Четыре часа пополудни. На западе плывут два голубовато-серых облака. Недостижимо и оттого обворожительно. Верхние неровные края их оправлены ослепительно-золотой каймой, из-за которой бьёт лёгкий голубовато-белый веер, показывая, что там, за облаками, парит, постепенно снижаясь, предвечернее июльское солнце. Широкие и чёткие пластины гигантского веера бесследно растворяются где-то в глубинах неимоверной высоты, теряя свои отчётливые, стремительно-прямые створы, размытые чистейшей синевой божественного неба. И одиноким далёким корабликом плывёт не спеша за этим бело-голубым витражом невесомое рыжее облачко, неуловимое, словно сама мечта. Не приближаясь и не удаляясь, не торопясь растаять в небытие, молча и почти неподвижно летит это рыжее пёрышко, зовя за собой, но игриво не подпуская к себе...

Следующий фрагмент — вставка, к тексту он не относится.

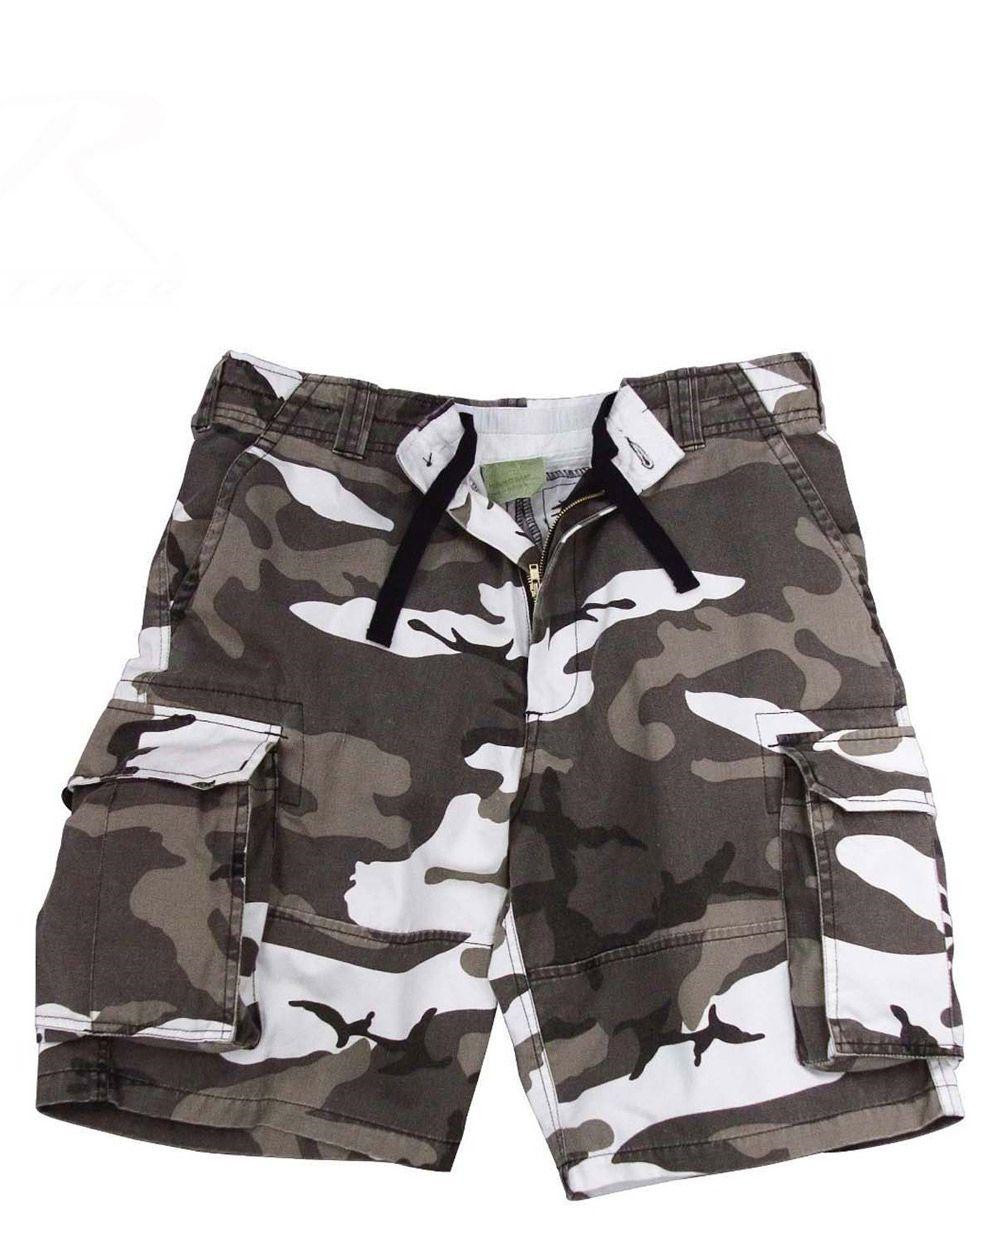 Rothco Cargo shorts (Urban Camo, 2XL)

А из-под нижней, уже холодно темнеющей кромки облачной пары, уже почти слившейся воедино, тянутся вниз тоненькие серебристые струйки солнца, упруго вонзаются в сизую дымку далёкого леса, который едва угадывается за этой дымкой на горизонте. И так они правильно-параллельны и так неподвижны, что, кажется, именно на этих блистающих воздушных столбах и удерживается всё горнее великолепие: и лунный камень двух соприкоснувшихся небесных странников, и прозрачно-призрачный, вполнеба веер, и плывущий за этой гигантской завесью, воздушный кораблик, внезапный призрак летучего голландёнка, – весь этот воздушный театр едва ли не сказочной неизъяснимости и неотразимости...

Седьмой час. Предвечерье. Солнце опустилось ниже, собираясь, видимо, почивать там, за дымчатым окоёмом. Ушли тяжёлые, тёмные облака, непроницаемые даже для золотых стрел млеющего светила; их место заняло пушистое белесое облако, похожее на повзрослевший и раздобревший одуванчик,. Оно почти заслонило собою оседающее солнце, матовым экраном слегка ослабив слепящий блеск усталого светила, размыло его очертания, оволокло его лёгким золотистым пухом, словно пытаясь сохранить остывающий жар его для ночного сна...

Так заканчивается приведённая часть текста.